GridGain Developers Hub

k-NN Classification

The Apache Ignite Machine Learning component provides two versions of the widely used k-NN (k-nearest neighbors) algorithm - one for classification tasks and the other for regression tasks.

This documentation reviews k-NN as a solution for classification tasks.

Model description

The k-NN algorithm is a non-parametric method whose input consists of the k-closest training examples in the feature space.

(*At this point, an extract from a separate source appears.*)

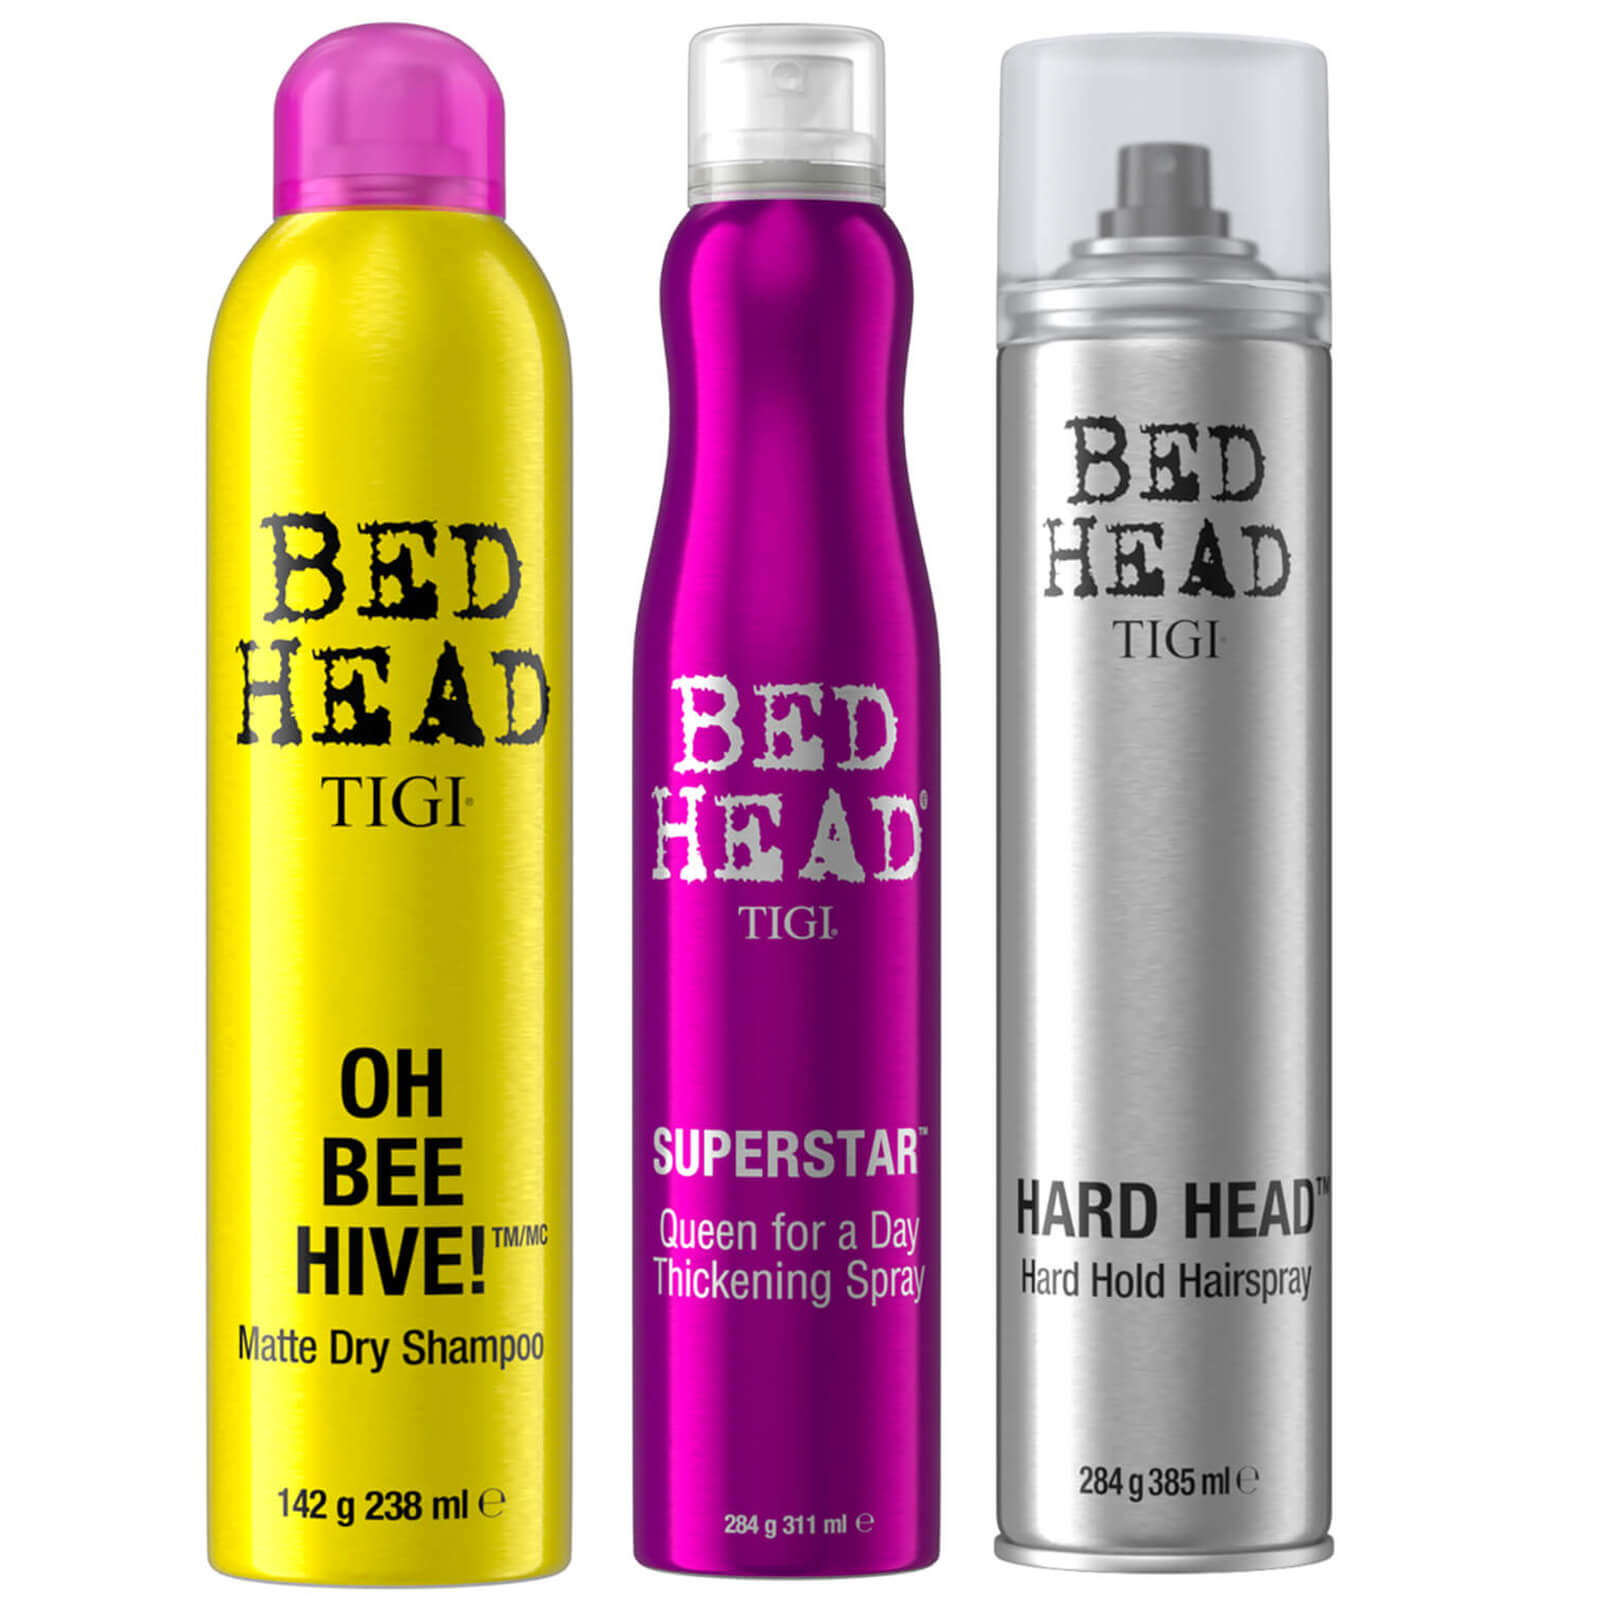 TIGI Bed Head Festival Hair Styling Set

Also, k-NN classification’s output represents a class membership. An object is classified by the majority votes of its neighbors. The object is assigned to a particular class that is most common among its k nearest neighbors. k is a positive integer, typically small. There is a special case when k is 1, then the object is simply assigned to the class of that single nearest neighbor.

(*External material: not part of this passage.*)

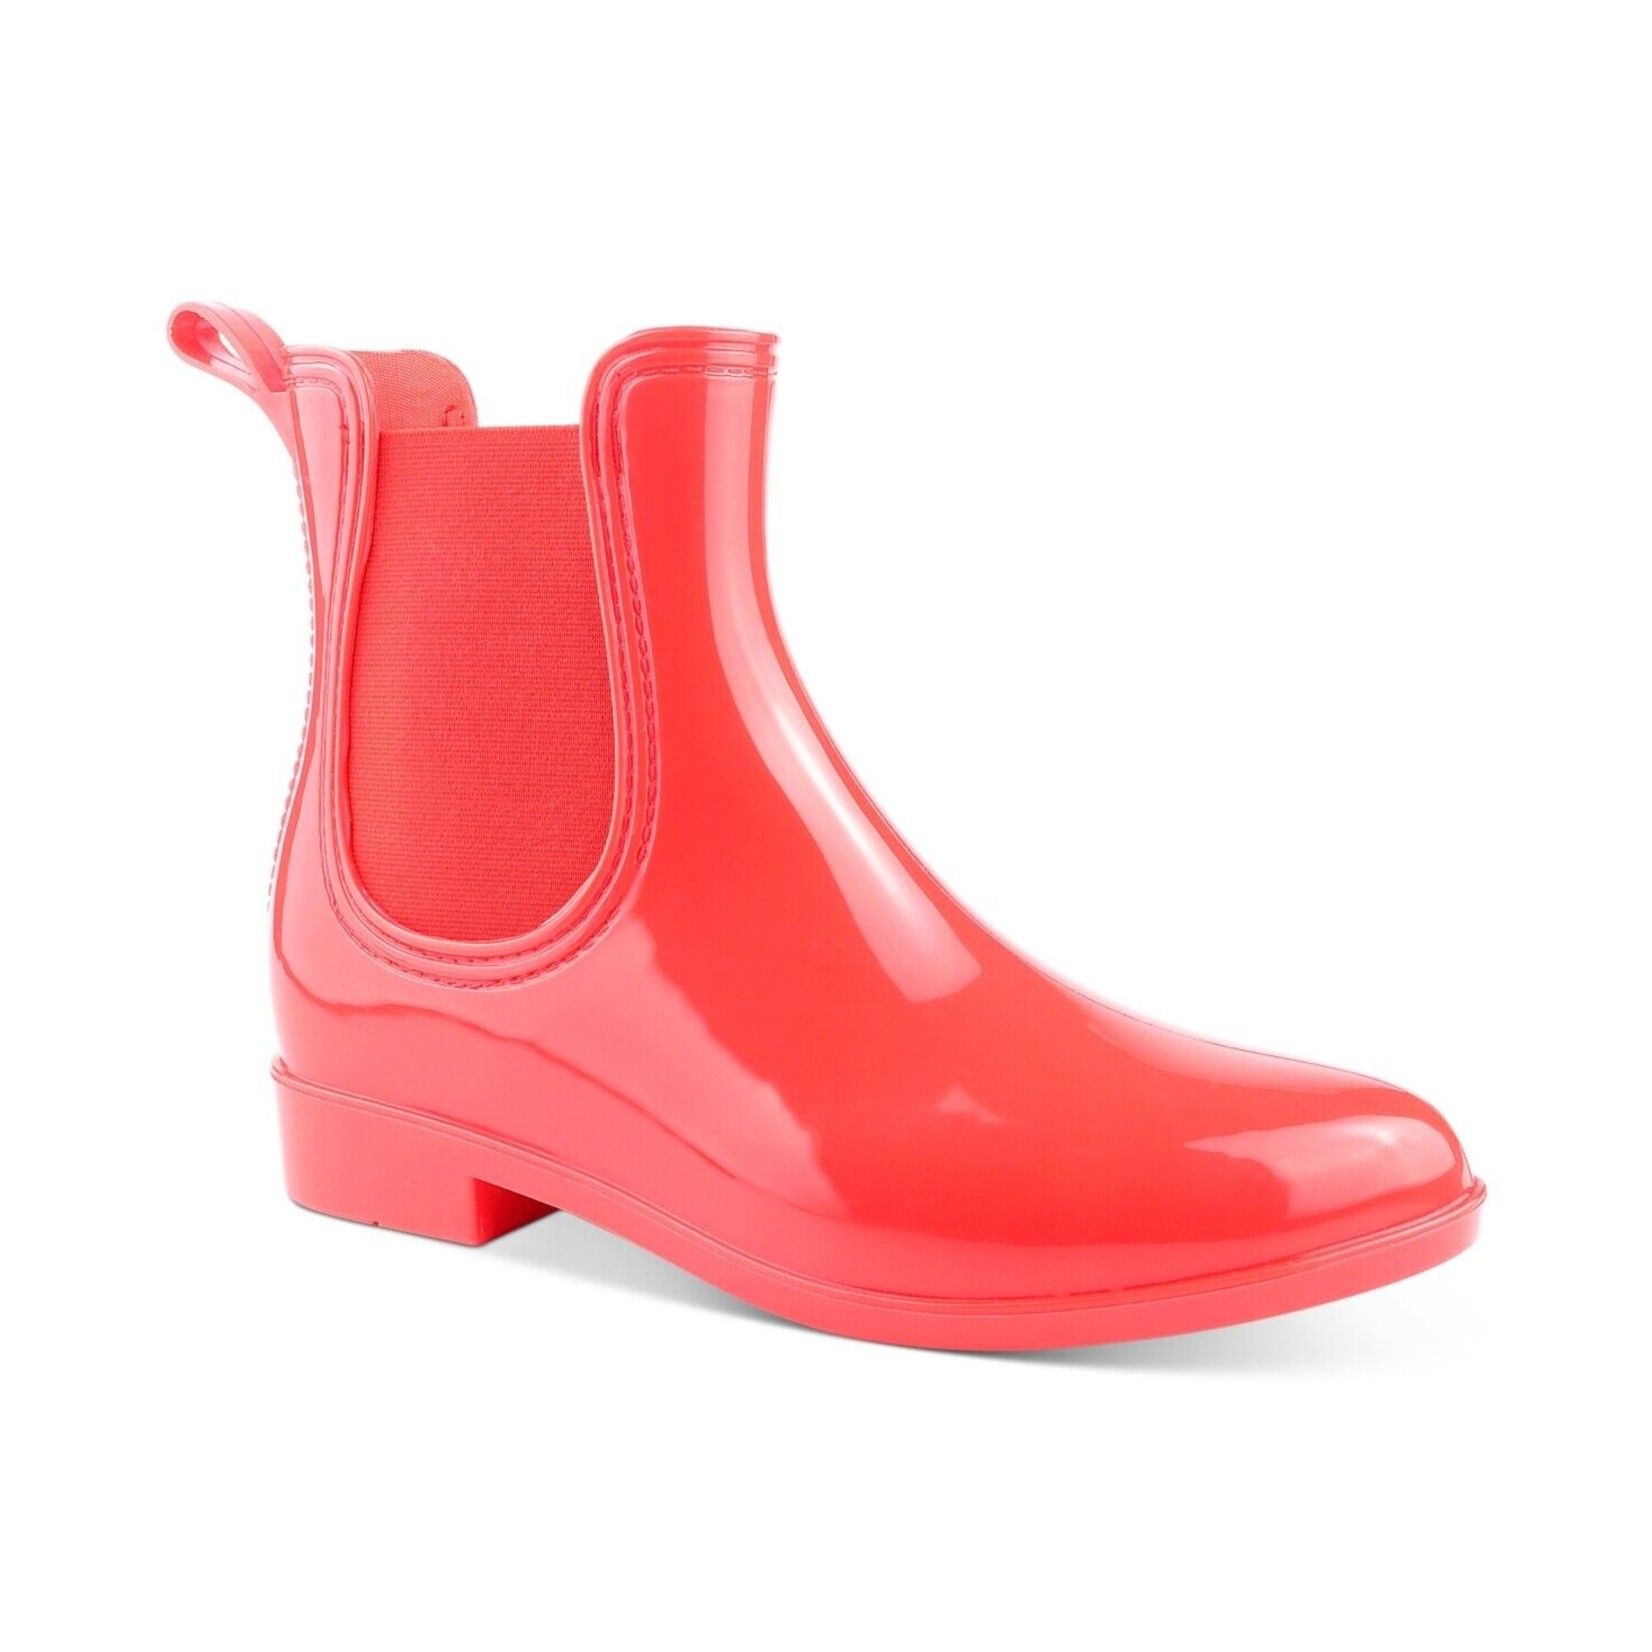 INC INC International Concepts Women's Rain Boots, 7

Presently, Ignite supports a few parameters for k-NN classification algorithm:

  • k - a number of nearest neighbors.

  • distanceMeasure - one of the distance metrics provided by the ML framework such as Euclidean, Hamming, or Manhattan.

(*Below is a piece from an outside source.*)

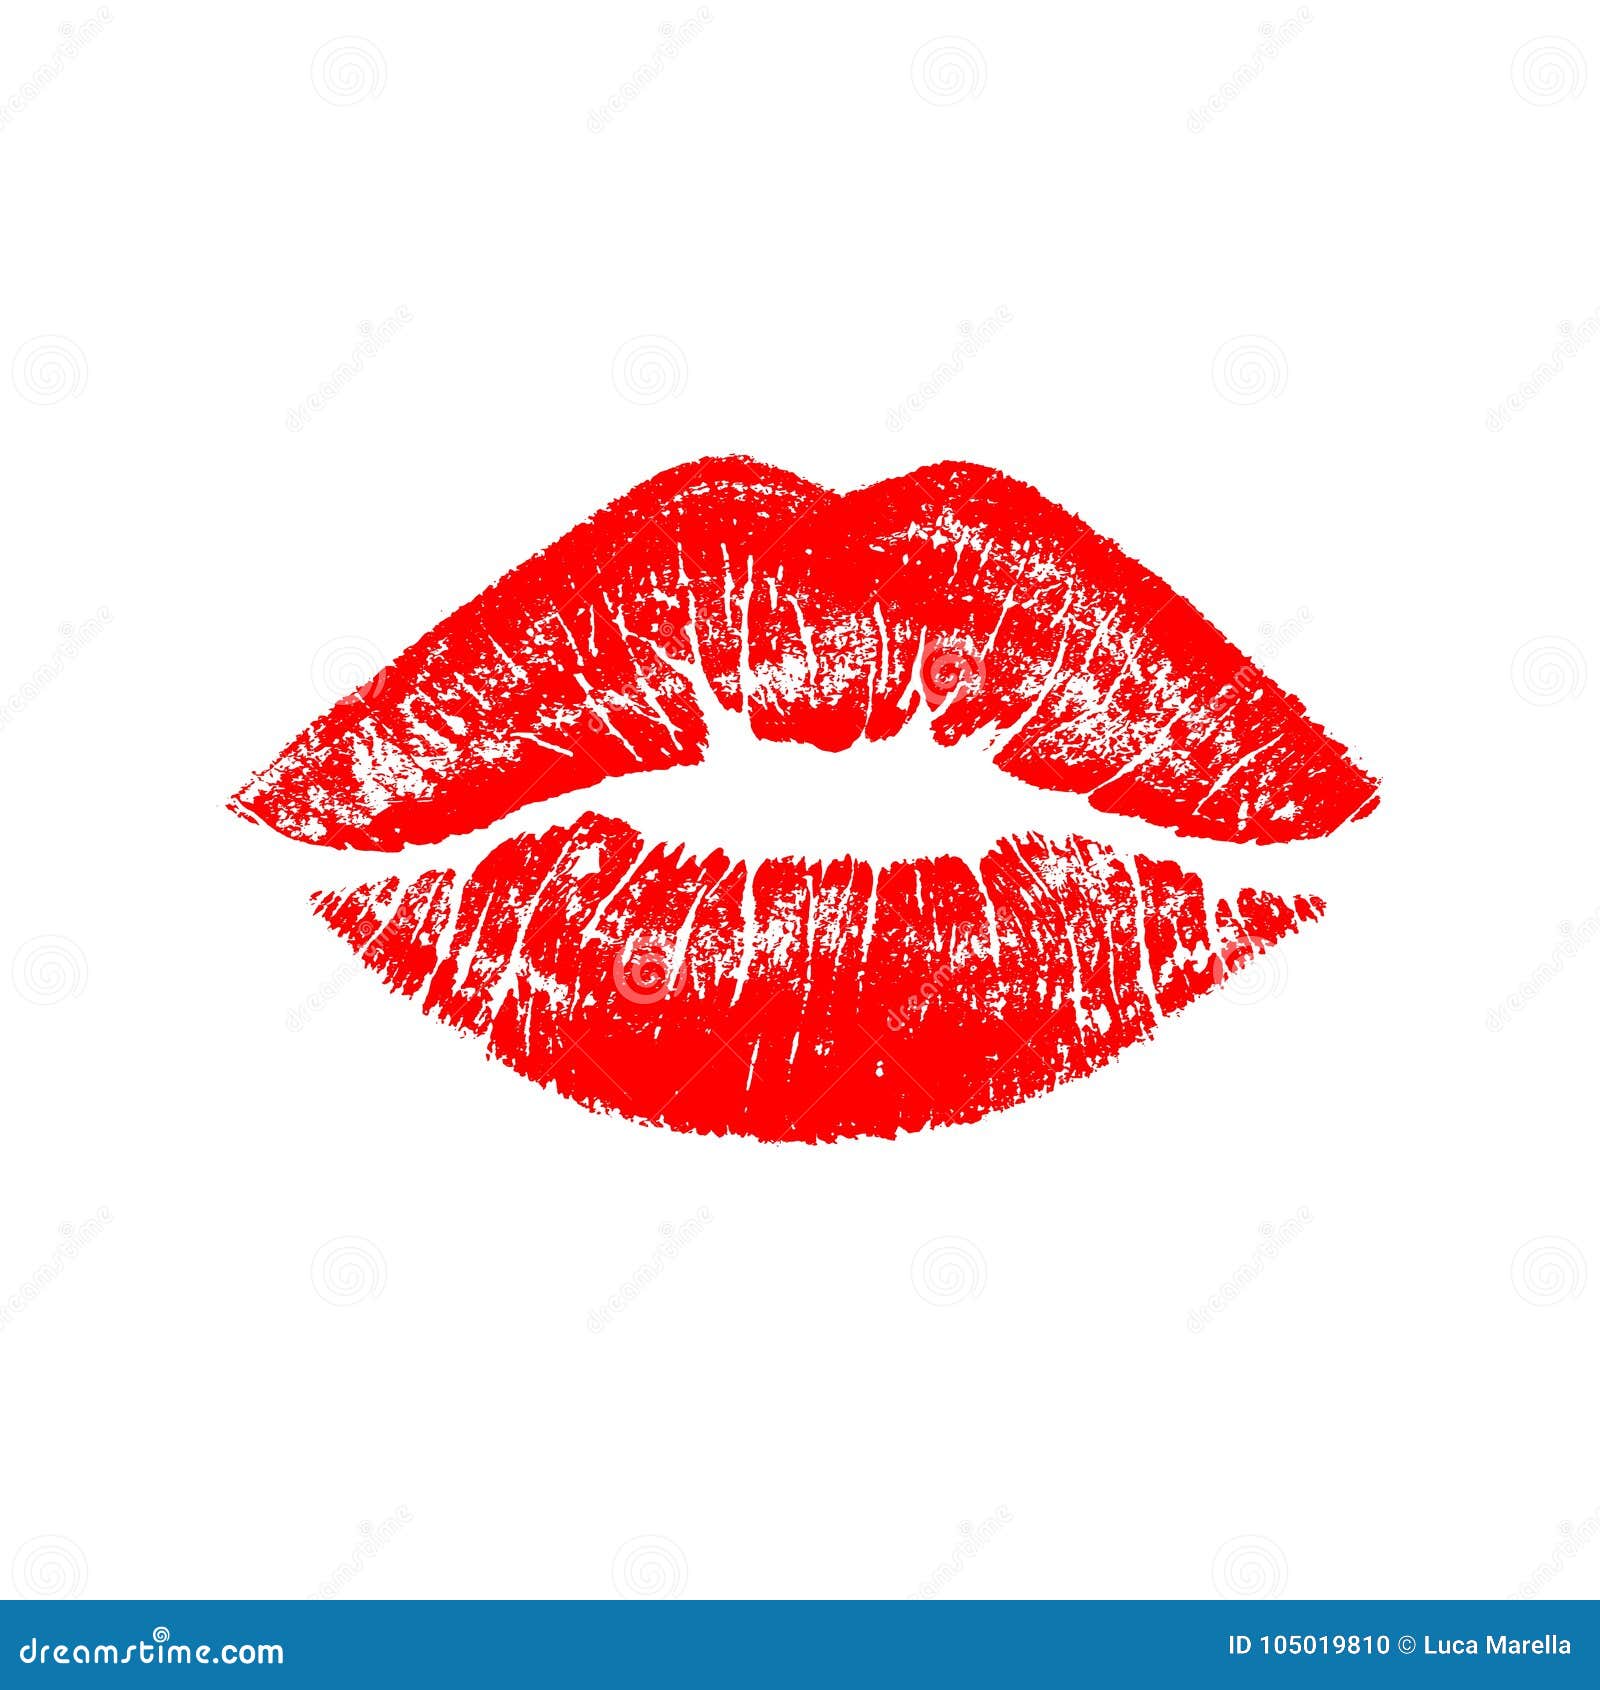 kiss stamp - png

  • KNNStrategy - could be SIMPLE or WEIGHTED (it enables a weighted k-NN algorithm).

  • dataCache - holds a training set of objects for which the class is already known.

// Create trainer
KNNClassificationTrainer trainer = new KNNClassificationTrainer();

// Train model.
KNNClassificationModel knnMdl = trainer.fit(
    ignite,
    dataCache,
    (k, v) -> Arrays.copyOfRange(v, 0, v.length - 1),
    (k, v) -> v[2]
)
  .withK(3)
  .withDistanceMeasure(new EuclideanDistance())
  .withStrategy(KNNStrategy.SIMPLE);

// Make a prediction.
double prediction = knnMdl.apply(vectorizedData);

Example

To see how kNN Classification can be used in practice, try this example, available on GitHub and delivered with the distribution package.

The training dataset is the Iris dataset which can be loaded from the UCI Machine Learning Repository.